═════ Data section ═════

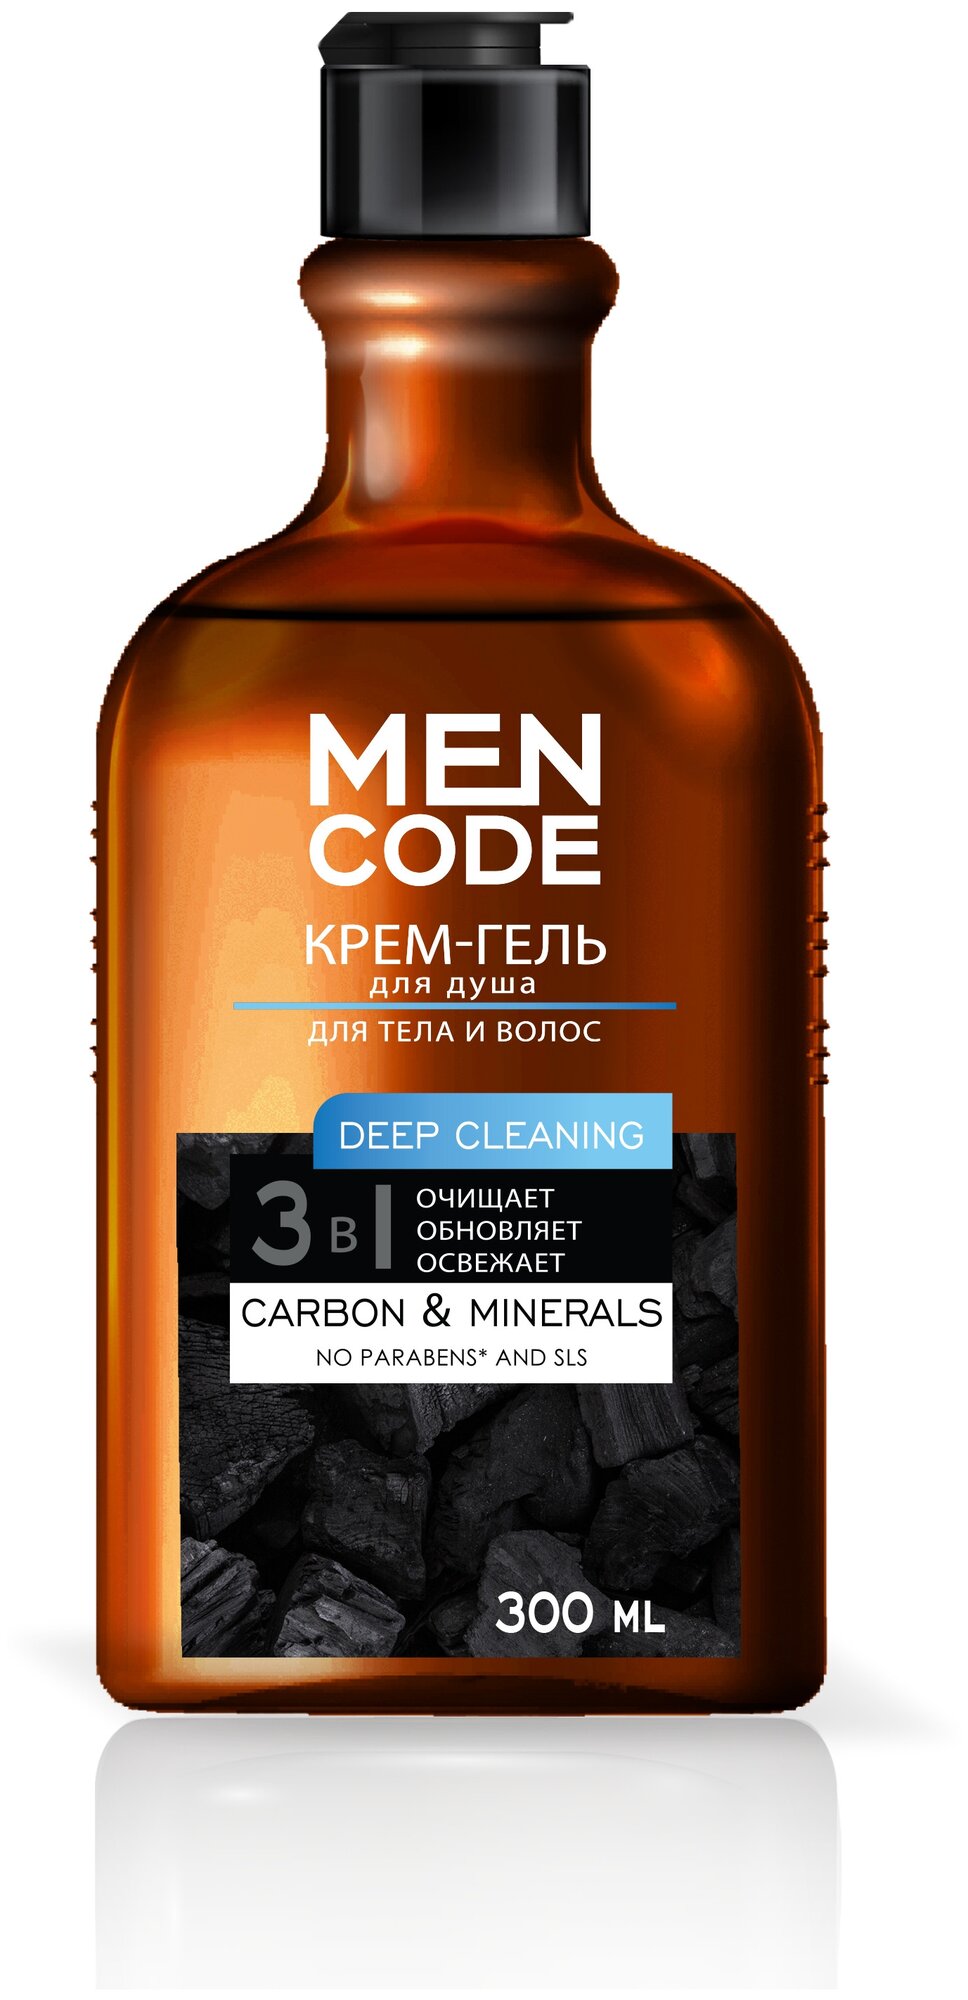 Крем-гель для душа MEN CODE Deep Cleaning с экстрактами угля и минералов, 300 мл
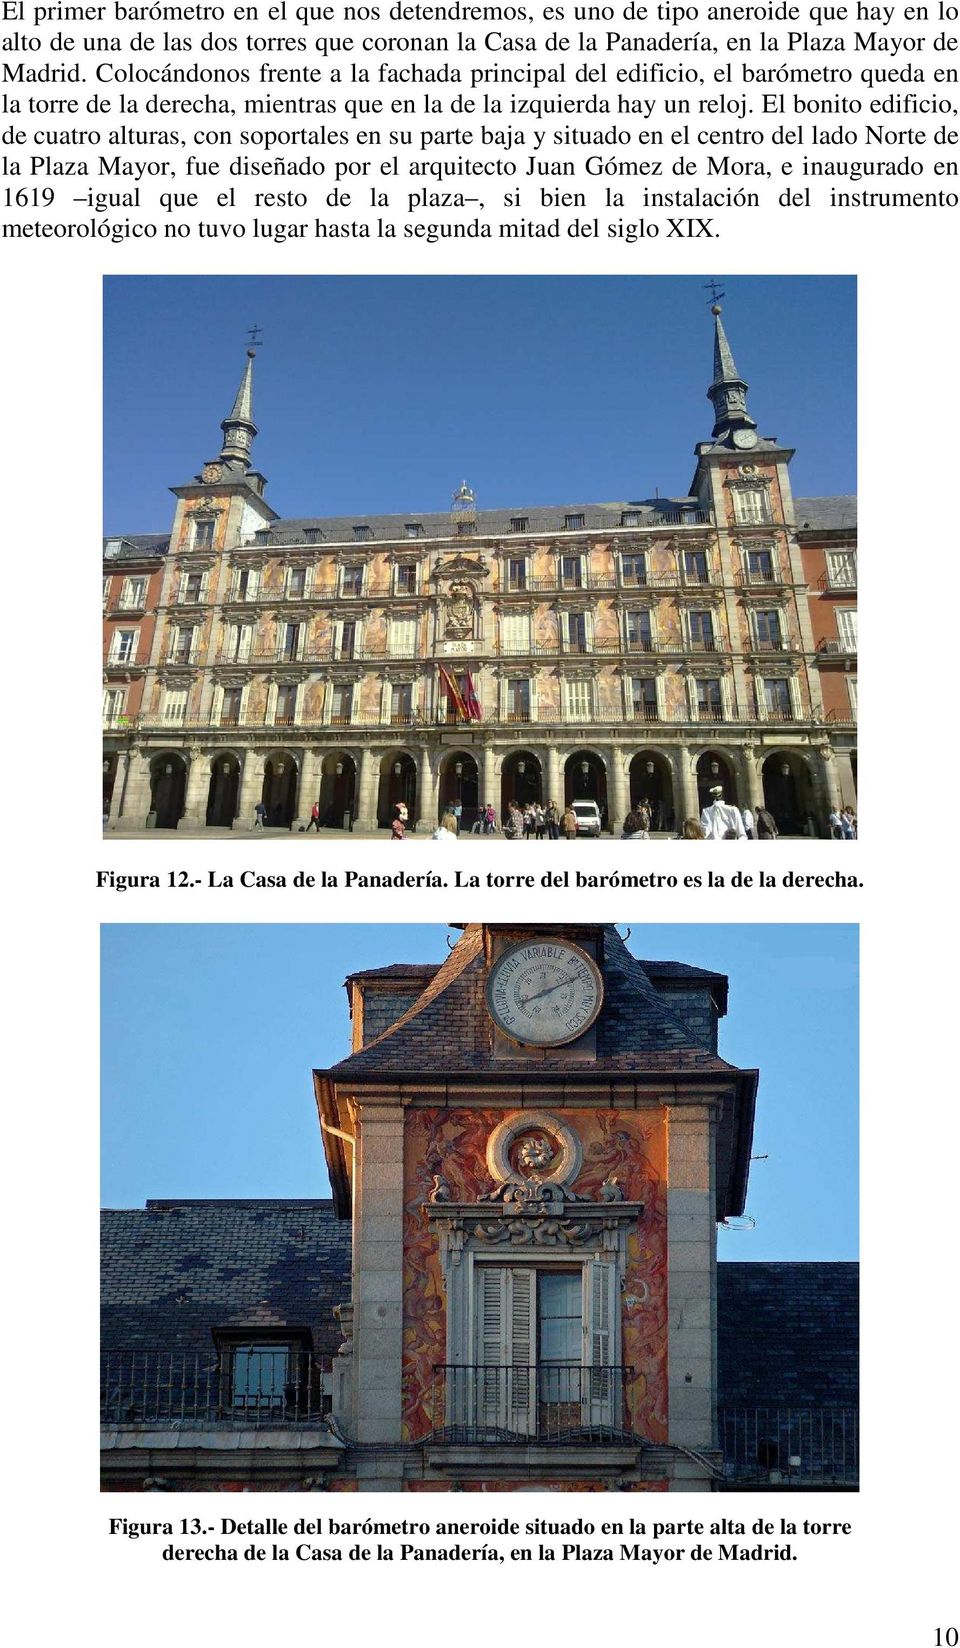 El bonito edificio, de cuatro alturas, con soportales en su parte baja y situado en el centro del lado Norte de la Plaza Mayor, fue diseñado por el arquitecto Juan Gómez de Mora, e inaugurado en 1619
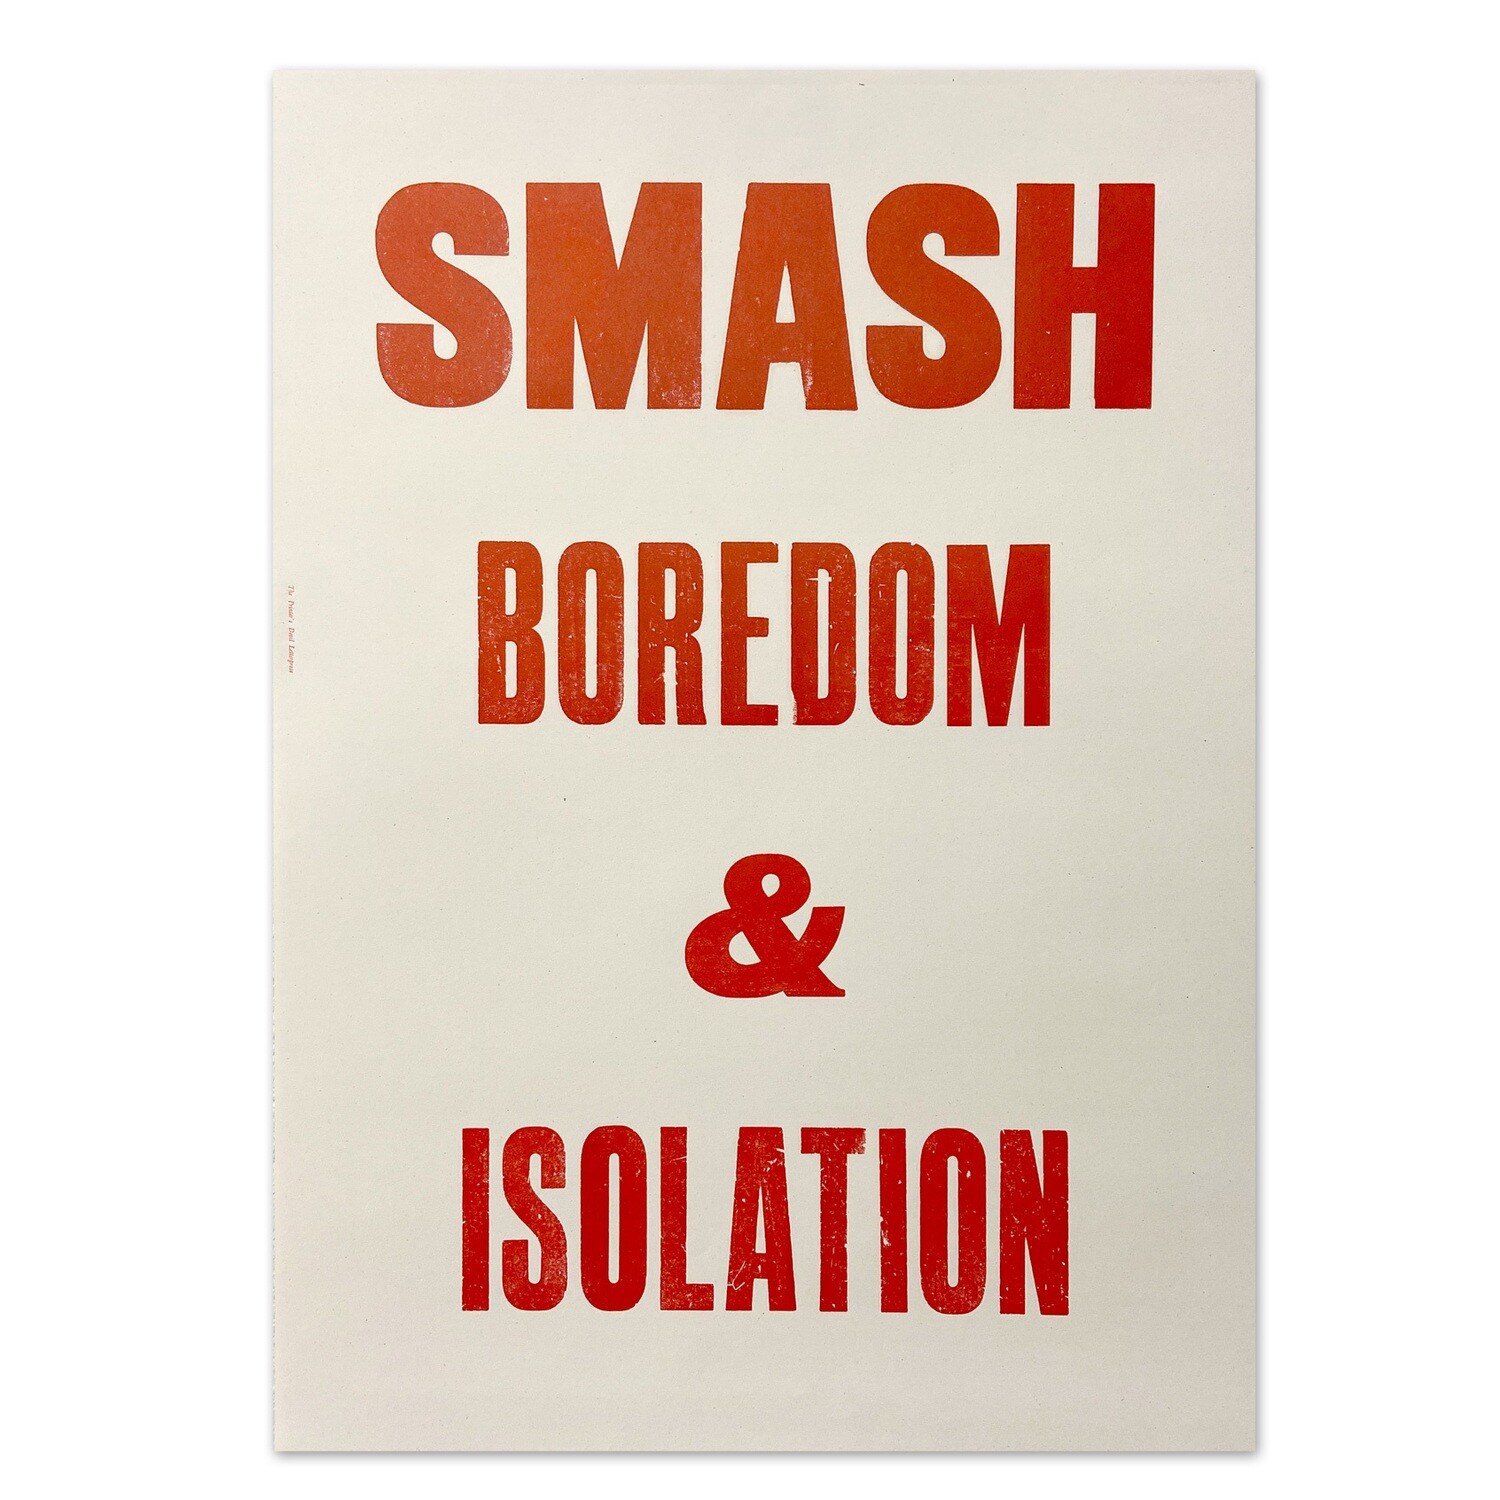 Smash Boredom (Red)

═════

Task item: Everything from the line holding "El bonito edificio, de" through the last line of the listing should be written out exactly, except for the pictures.

Reply to the exercise:
 El bonito edificio, de cuatro alturas, con soportales en su parte baja y situado en el centro del lado Norte de la Plaza Mayor, fue diseñado por el arquitecto Juan Gómez de Mora, e inaugurado en 1619
 Smash Boredom (Red)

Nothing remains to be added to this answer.